ICLab: A Global, Longitudinal Internet Censorship Measurement Platform
Arian Akhavan Niaki, Shinyoung Cho, Zachary Weinberg, Nguyen Phong Hoang, Abbas Razaghpanah, Nicolas Christin, Phillipa Gill
The paper is a high-level description of the Internet censorship measurement platform ICLab and a retrospective of two years of operation. ICLab’s object of measurement is HTTP and HTTPS URLs. The system is designed to detect DNS manipulation, TCP injection, and HTTP block pages.
The ICLab platform is mainly uses commercial VPNs as vantage points. Of its 281 vantages, 264 are VPNs, and 17 are volunteer-operated Raspberry Pis. The use of VPNs as vantages offers different tradeoffs compared to other methods of censorship measurement. Some of the benefits of VPNs are that they are comparatively reliable and easy to maintain, they permit access to low-level network details in packet captures, and there are fewer ethical considerations than there are with human volunteers. The drawbacks are that you can only do measurements where commercial VPN services exist, and VPN networks may not be censored in the same way as typical residential networks. Something to watch out for is that VPN endpoints that are advertised to be in a specific country may not actually be in that country; the authors deal with this by verifying geolocation using round-trip times and excluding endpoints that may not be where they claim. ICLab’s VPN-based approach may be contrasted with the remote-measurement techniques of Censored Planet, which have good geographic coverage but are more limited in what measurements they can do; and the volunteer-operated probes of OONI, which must take extra care not to put their human operators at risk or overtax their resources.
An ICLab measurement comprises a GET request to a URL, from start to finish and including all intermediate steps: DNS resolution, TCP connection, TLS certificates, HTTP request and response, and a traceroute. Measurement results are accompanied by a full packet capture. The measurement is compared to a measurement from one or more control sites and examined for evidence of DNS manipulation, TCP injection, or block pages. DNS manipulation is detected when the same name resolves to two different ASes in two separate queries; when a name resolves to different ASes in the vantage and a control; or when a name resolves at a control but experiences an error at the vantage. TCP injection is detected when there is a sequence number overlap that contains a RST, FIN, or block page; or when a URL is accessible at a control but receives a RST or ICMP error at the vantage. Block pages are detected by first looking for complete HTTP responses that fit in one TCP segment. The HTML of a potential block page is compared against about 300 handwritten regular expressions, and clustered with known block pages by structural and textual similarity. Another block page classification technique I quite like is the URL-to-country ratio: for a given page, divide the number of URLs that may yield it by the number of countries it has been seen in; higher scores are more likely to be block pages. The idea is that block pages tend to be specific to one country, and apply to a large number of URLs. The paper reports the discovery of previously unknown block pages.

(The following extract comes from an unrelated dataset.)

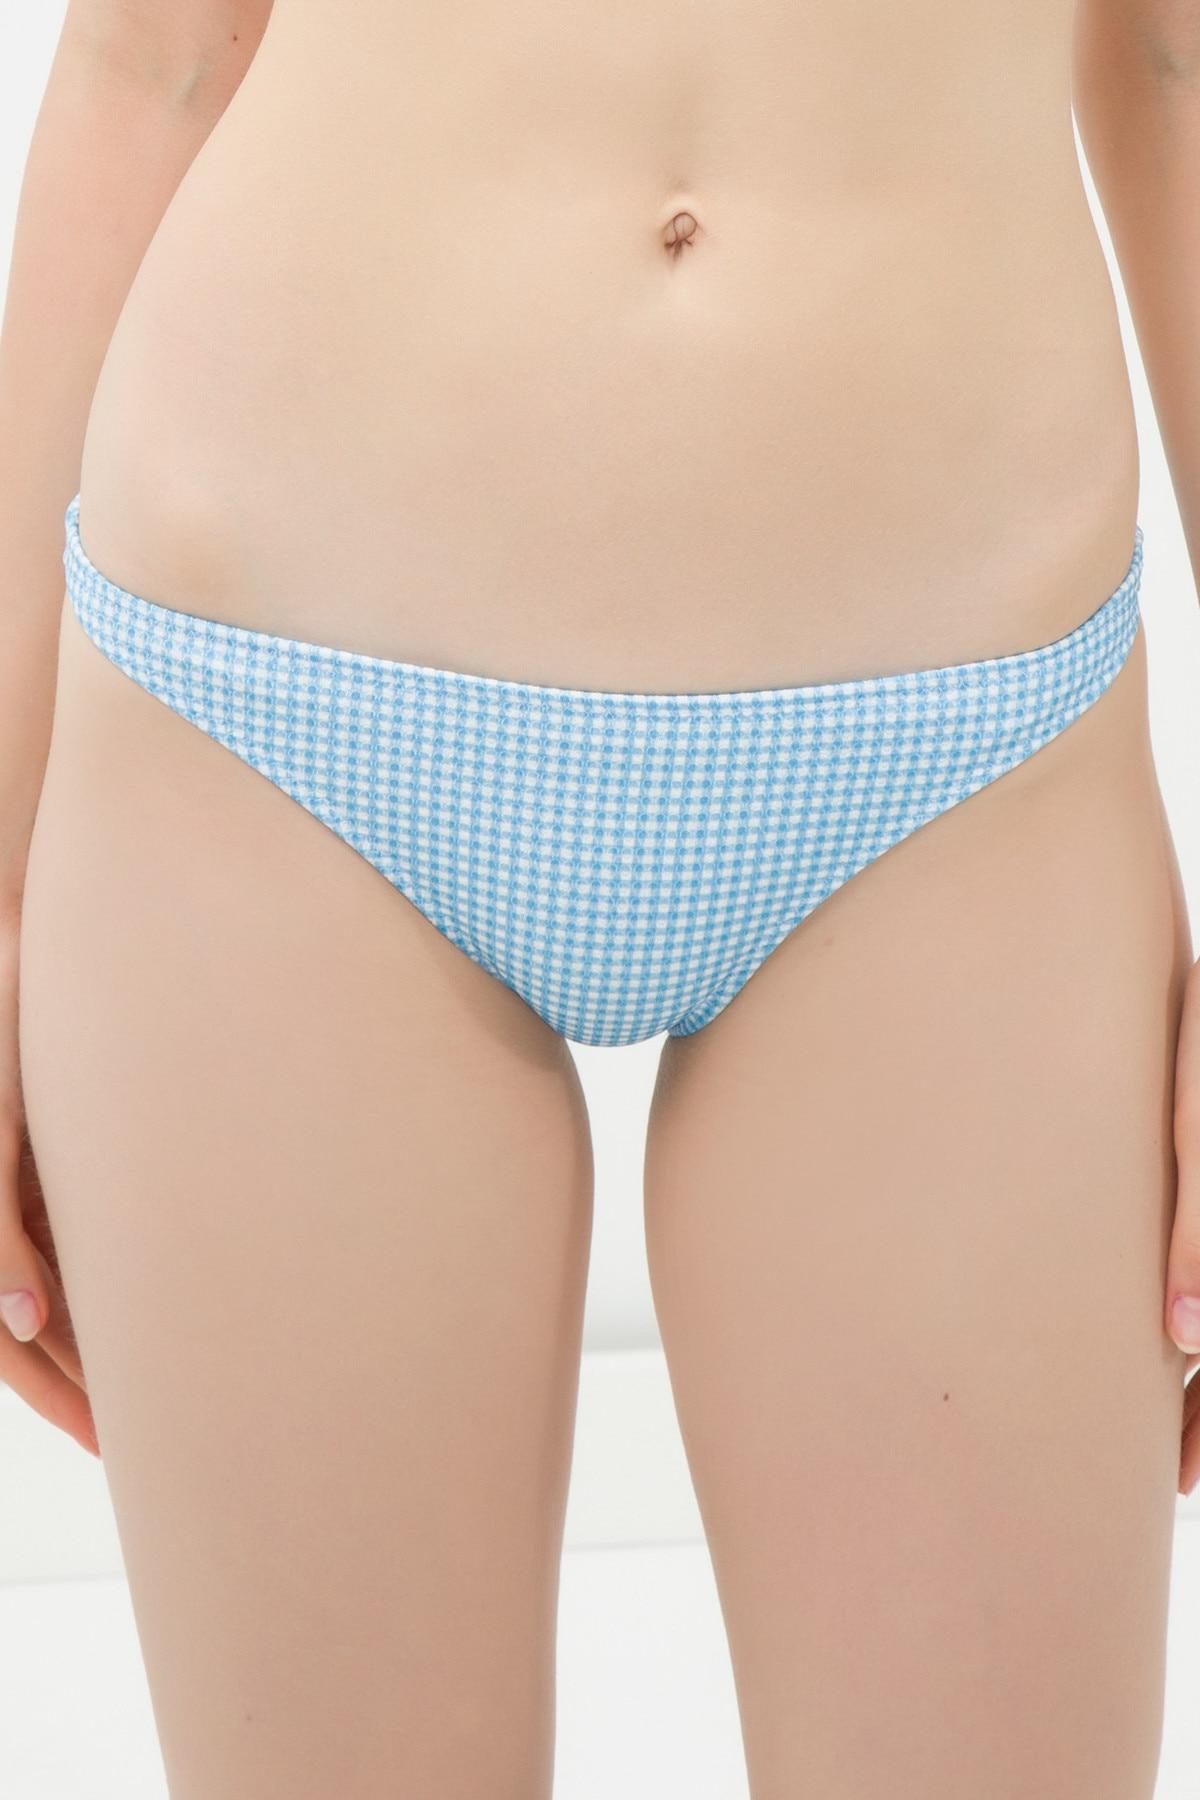 Bikini Koton de mujer, mezcla azul, parte inferior de Bikini 6 YAK88830GM

The authors give highlights of ICLab results from January 2017 to September 2018, a total of 54 million measurements of 45 thousand URLs in 62 countries. The countries that stand out as having the highest levels of URL censorship are Iran, South Korea, Saudi Arabia, India, and Kenya. A snapshot of the data supporting the paper is available at https://iclab.org/post/iclab_data/, which links to https://archive.org/details/@iclab and https://drive.google.com/drive/folders/1jjSNjIIB0EWDachhaheHePXjvLQeNHkr.
Thanks to Phillipa Gill for reviewing a draft of this summary.